Poderia se chamar “diário de uma jornalista” ou “diário de uma catadora de história”, afinal, foi exercendo o melhor lado da minha profissão que eu vi a vida por outro ângulo. Esse relato não é sobre uma manhã ao lado de crianças com câncer. É sobre a presença da minha avó em todo esse percurso, mesmo que de longe, mesmo que tão longe. Eu vou escrever sobre sentimento e do quanto dói, às vezes, sentir muito.

Cheguei com espírito de jornalista. Eu me fiz forte, rígida, serena. Cheguei a falar:

"Acho que nesse momento não seria tão difícil visitar essas crianças."

Até o momento da saída realmente não foi. Em casa, a ficha caiu.
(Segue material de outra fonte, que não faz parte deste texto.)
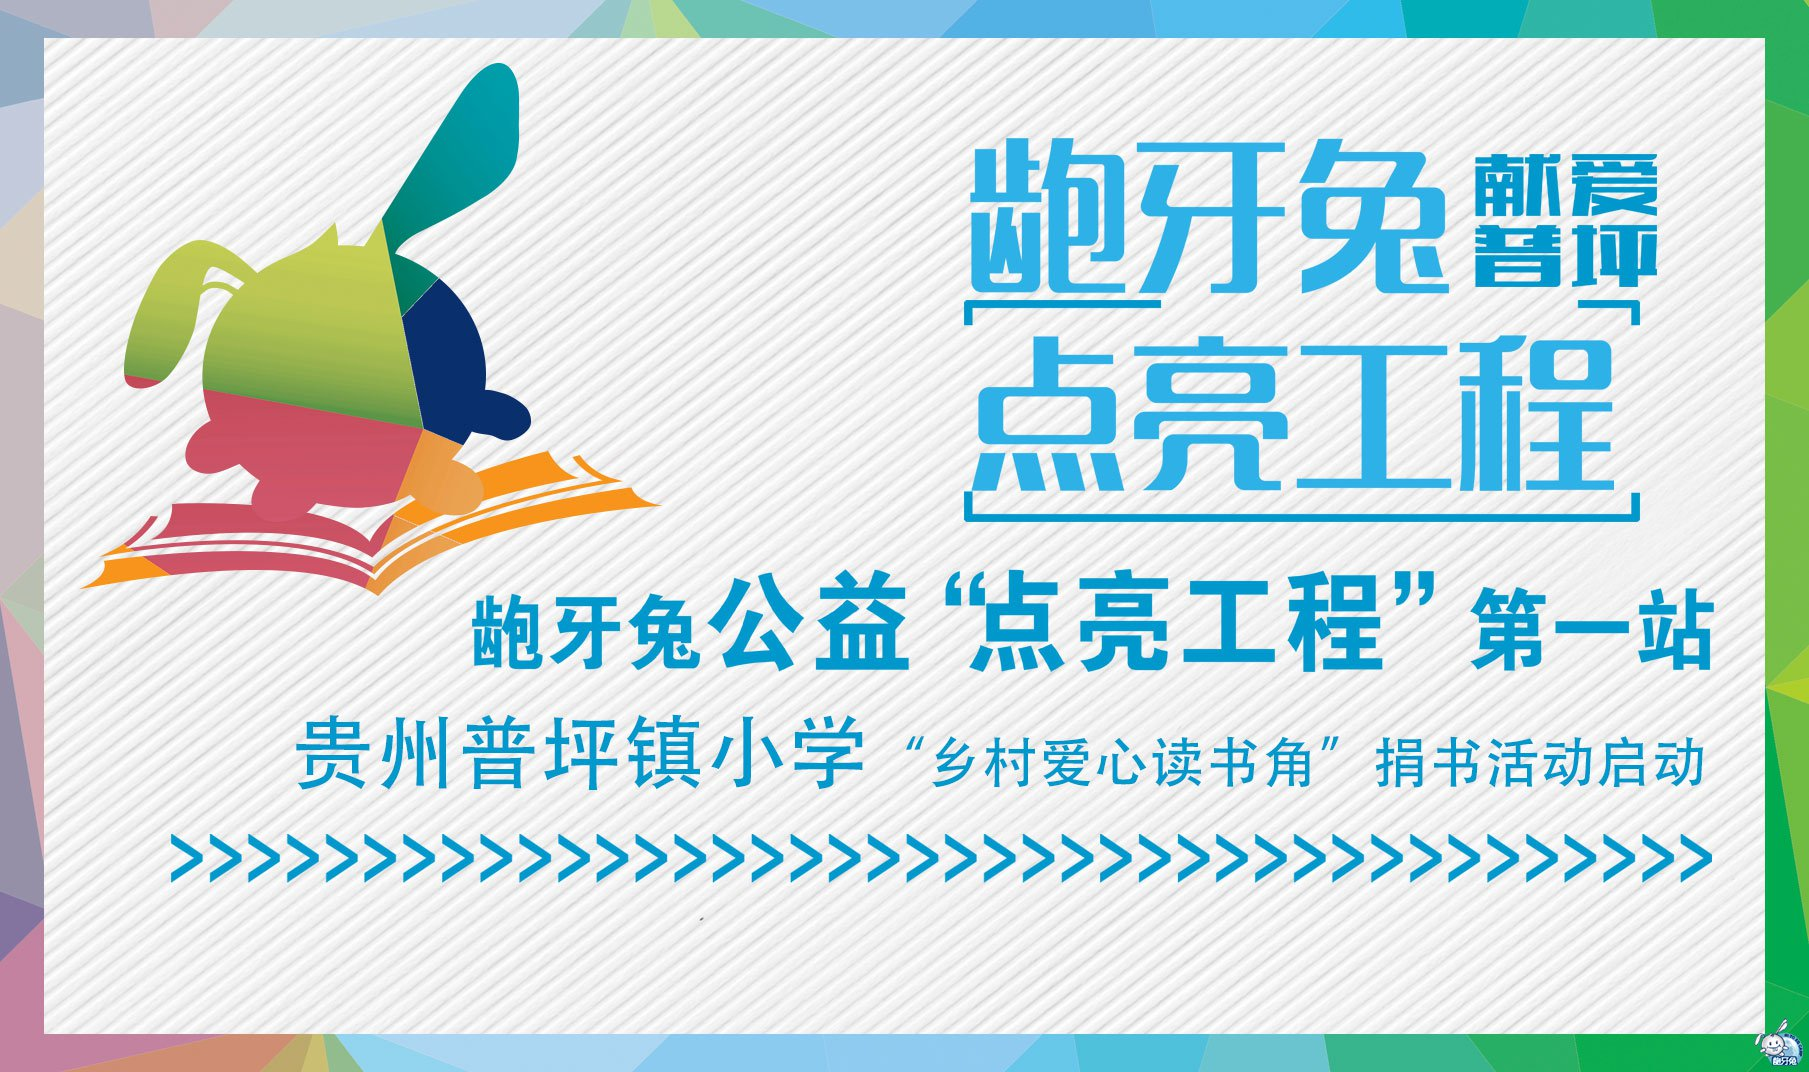 龙8国际娱乐官方网站手机版下载兔爱心

A garotinha fragilizada não sai da minha mente. Ela, que quase sem forças, acenou com a mão na esperança de conseguir soltar um beijo, ficar de pé, brincar, correr, abraçar. A menina que lentamente piscava os olhos, expressava em seus gestos falhos uma tentativa de registrar uma passagem rápida de três jovens completamente despedaçadas por dentro, mas sorridentes e confiantes por fora. “Tudo vai dar certo”, eu imaginava enquanto fechava a porta do quarto para visitar outra paciente. Espero, ansiosamente, notícias daquela que me fez chorar por dentro – depois em lágrimas – mas que me mostrou que a luta deve sempre superar a dor. Que a esperança deve sempre superar a derrota. Que o amor deve, obrigatoriamente, superar a tristeza.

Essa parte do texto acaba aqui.